[Recorded information]
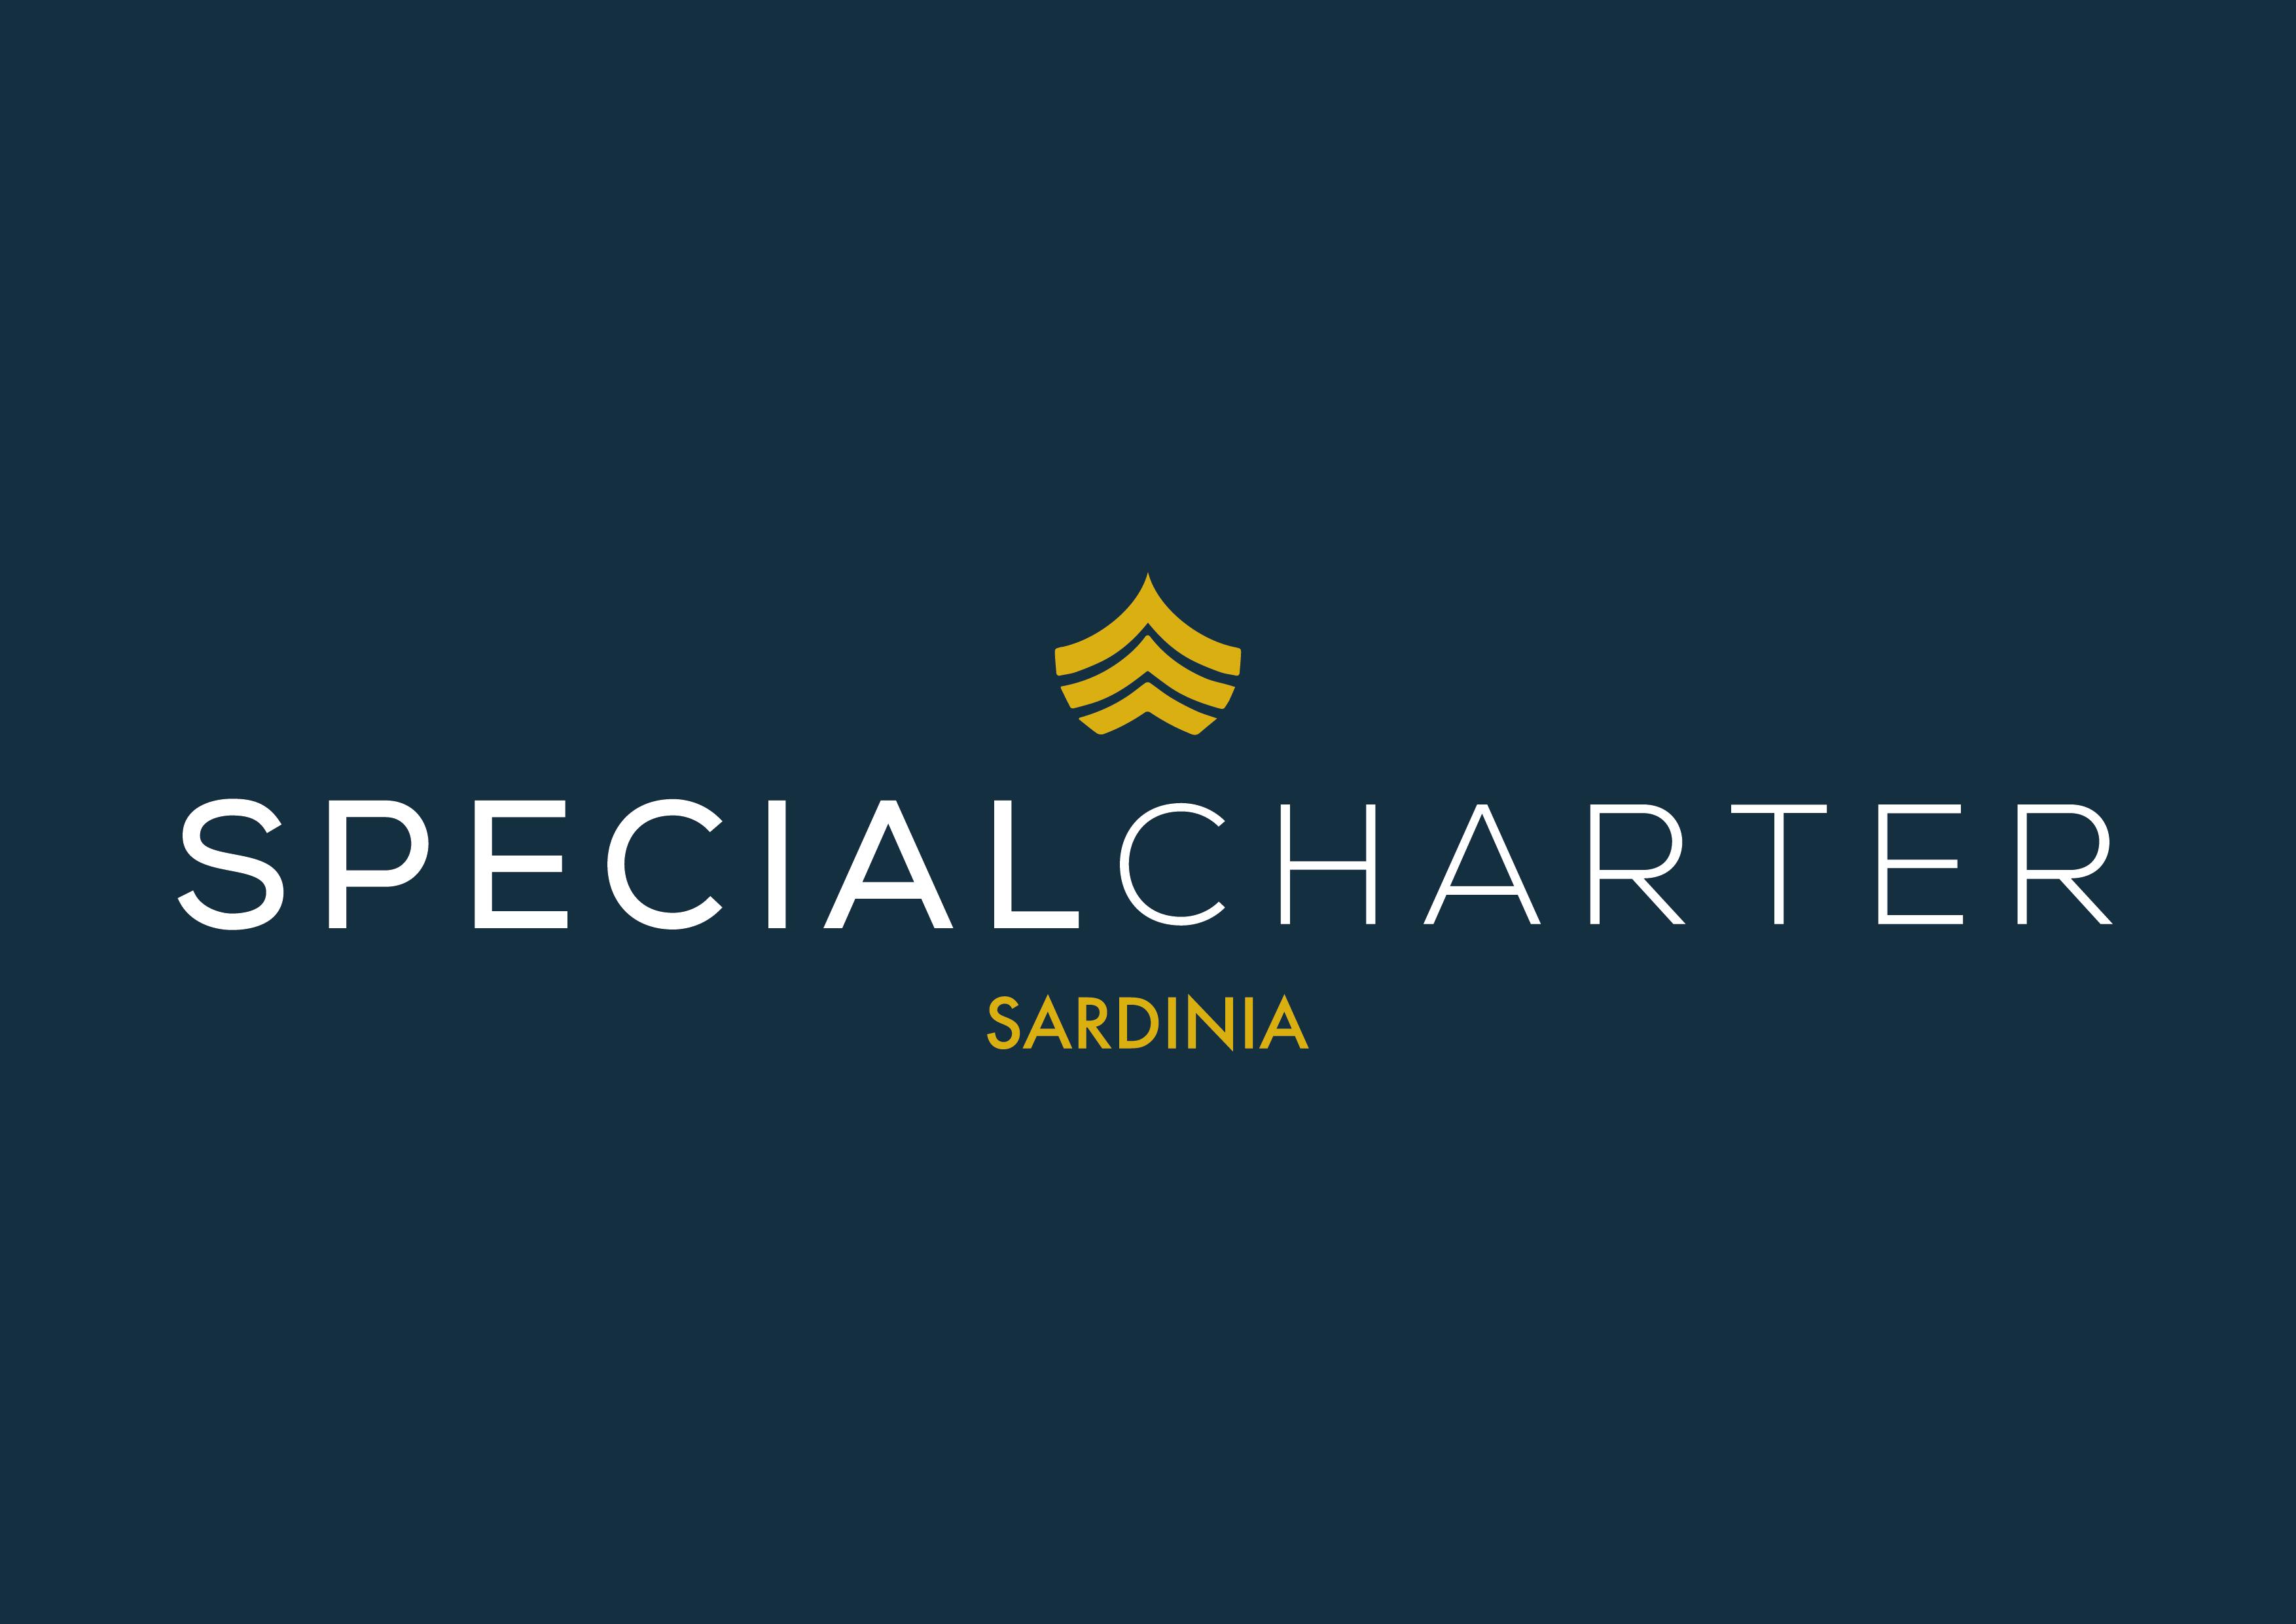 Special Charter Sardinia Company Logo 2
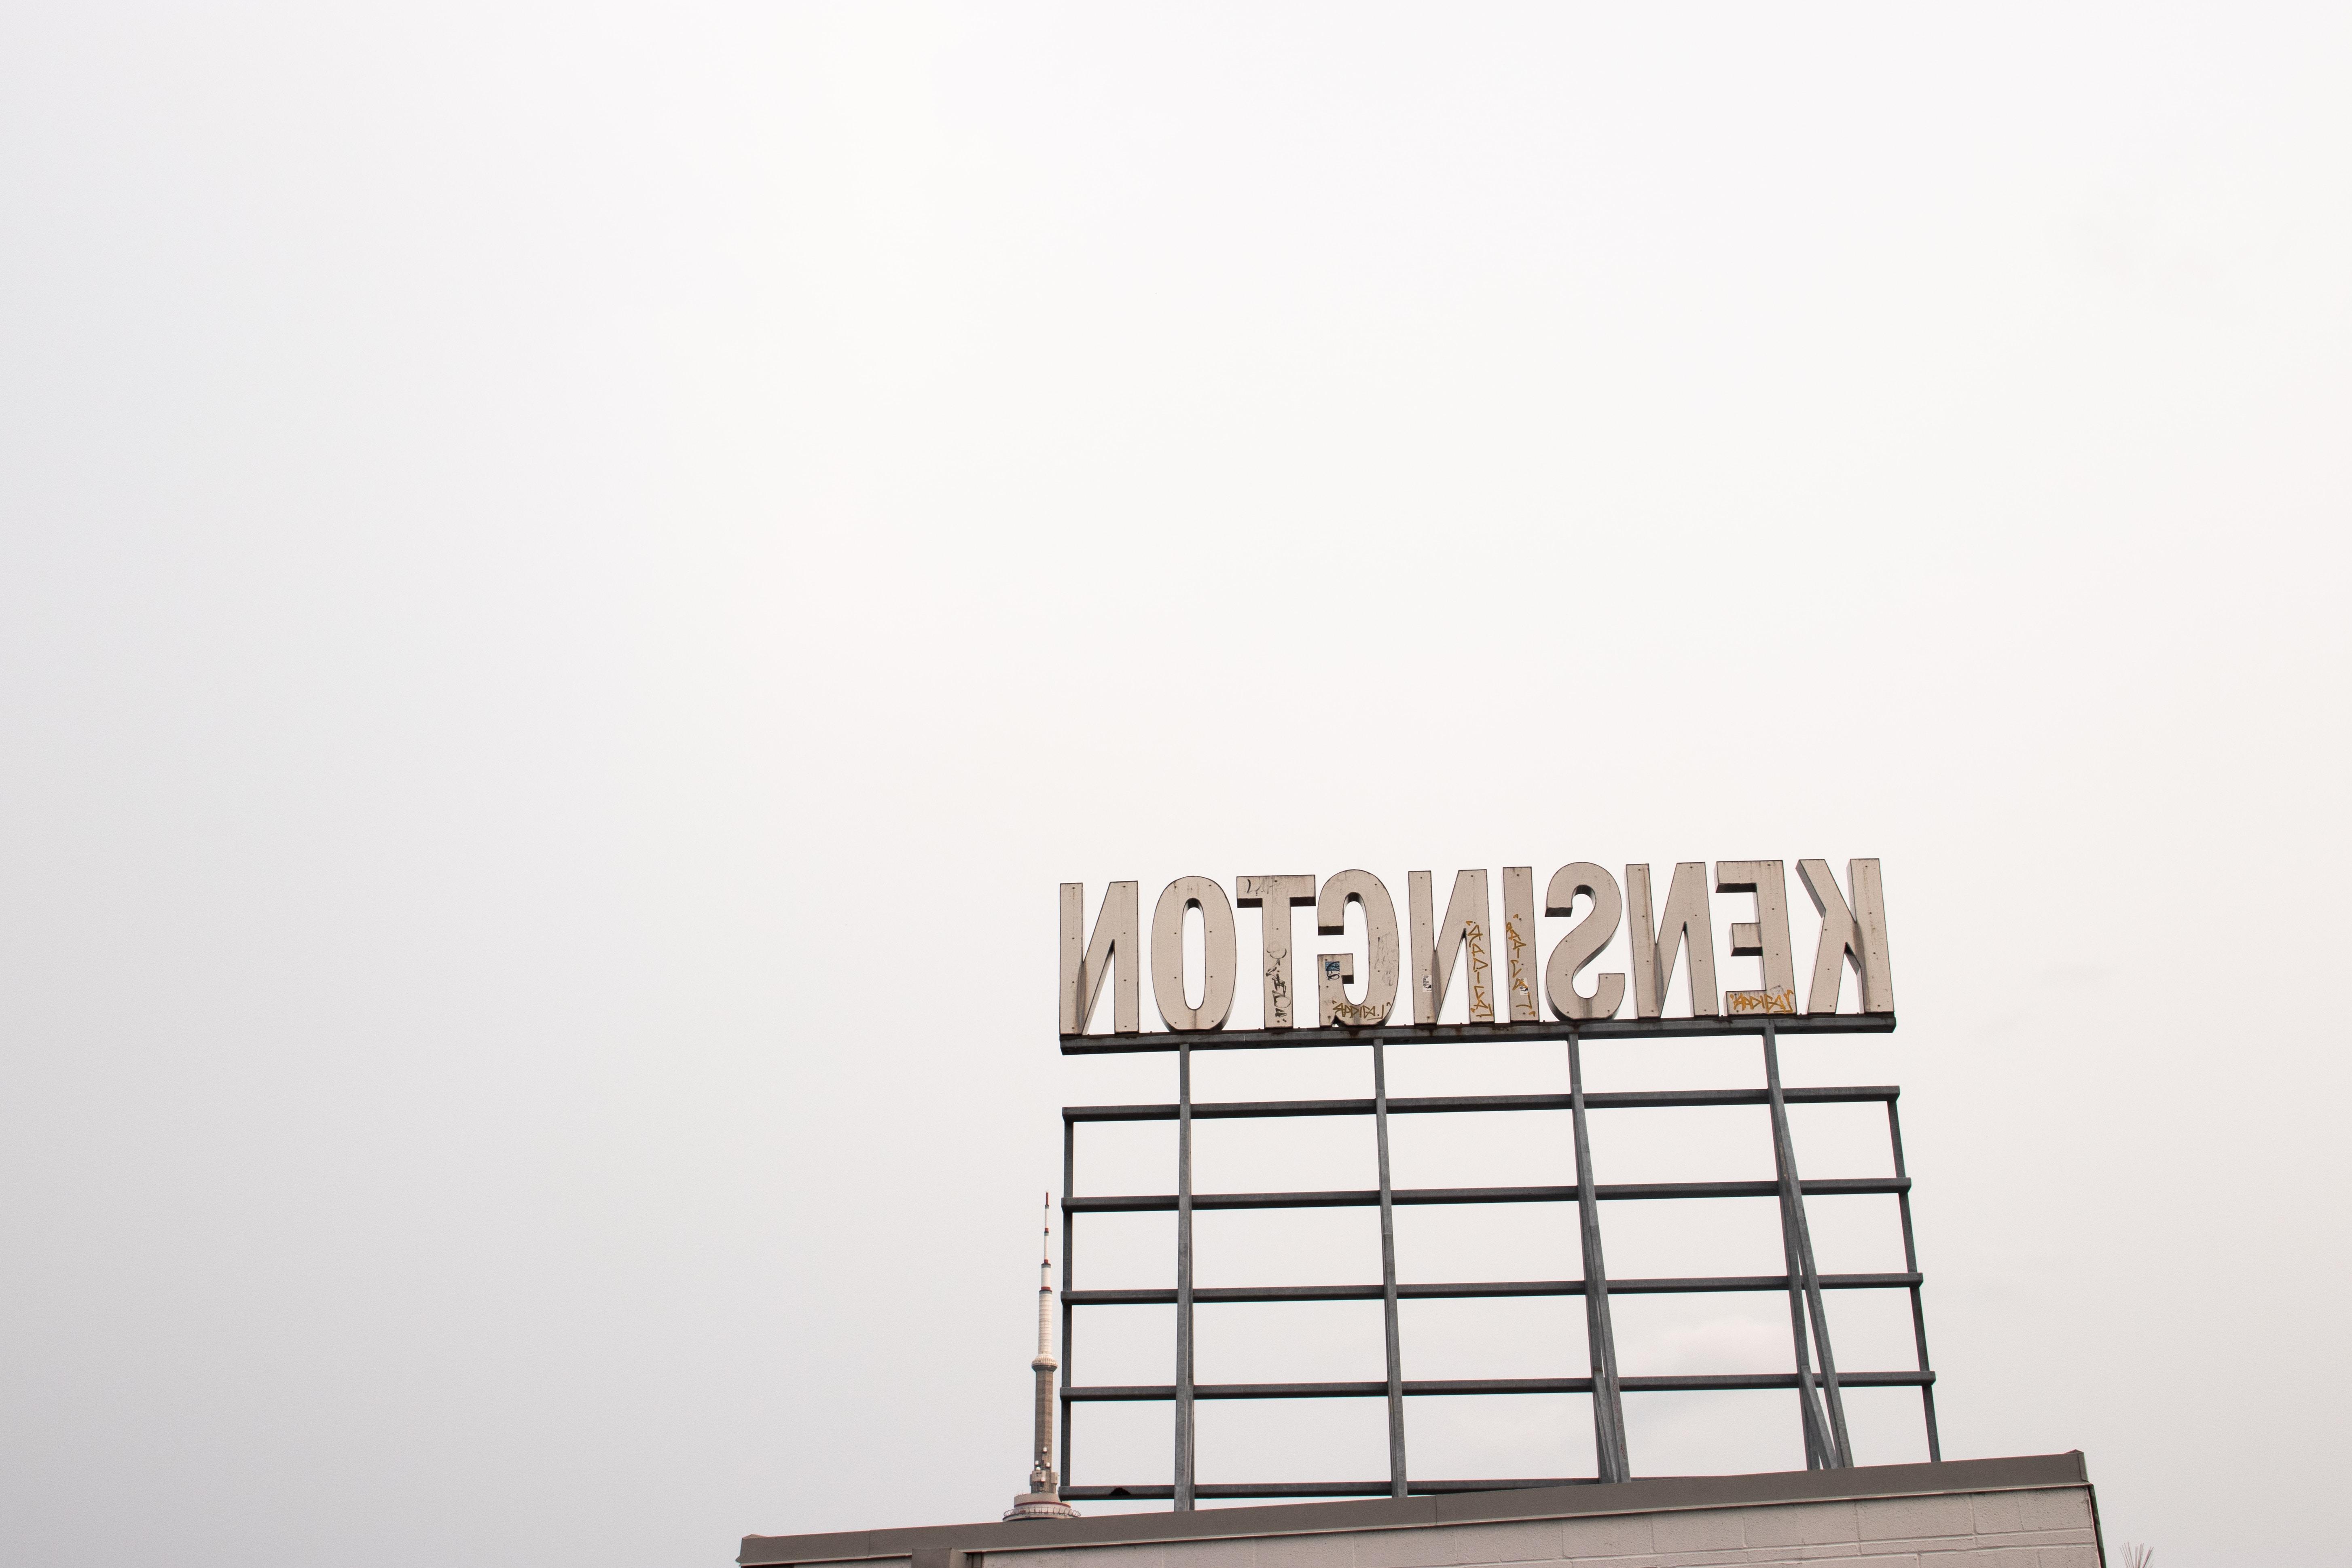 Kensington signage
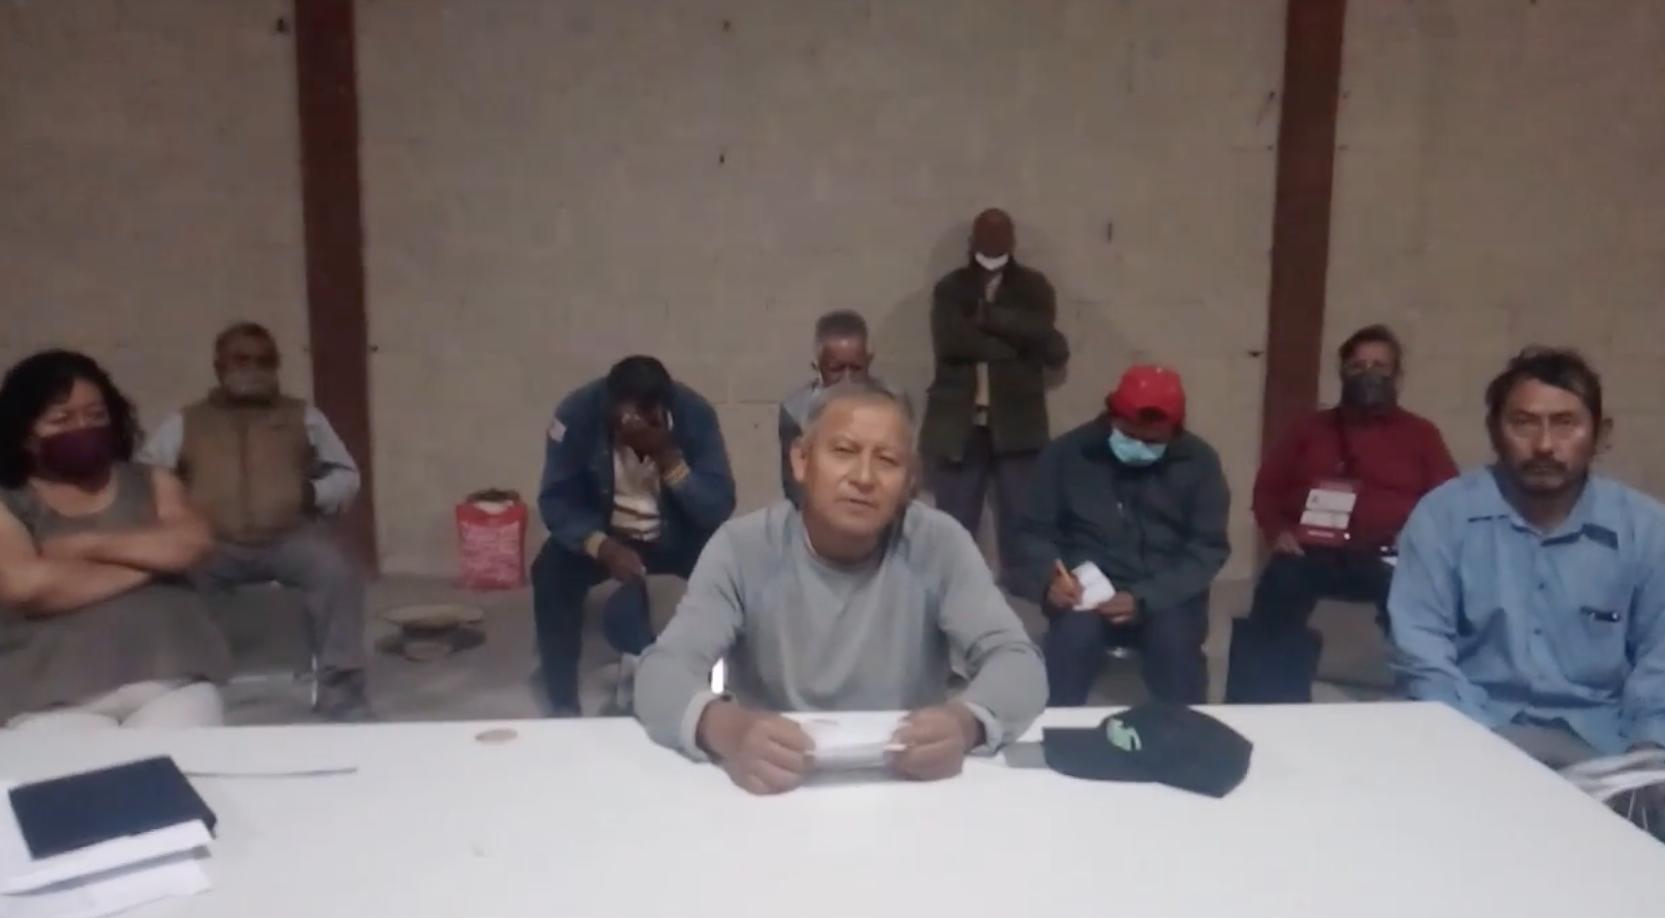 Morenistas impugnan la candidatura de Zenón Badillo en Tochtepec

[Your task]
Except for the pictures, copy the material above exactly.

[Answer box]
 Special Charter Sardinia Company Logo 2
 Kensington signage
 Morenistas impugnan la candidatura de Zenón Badillo en Tochtepec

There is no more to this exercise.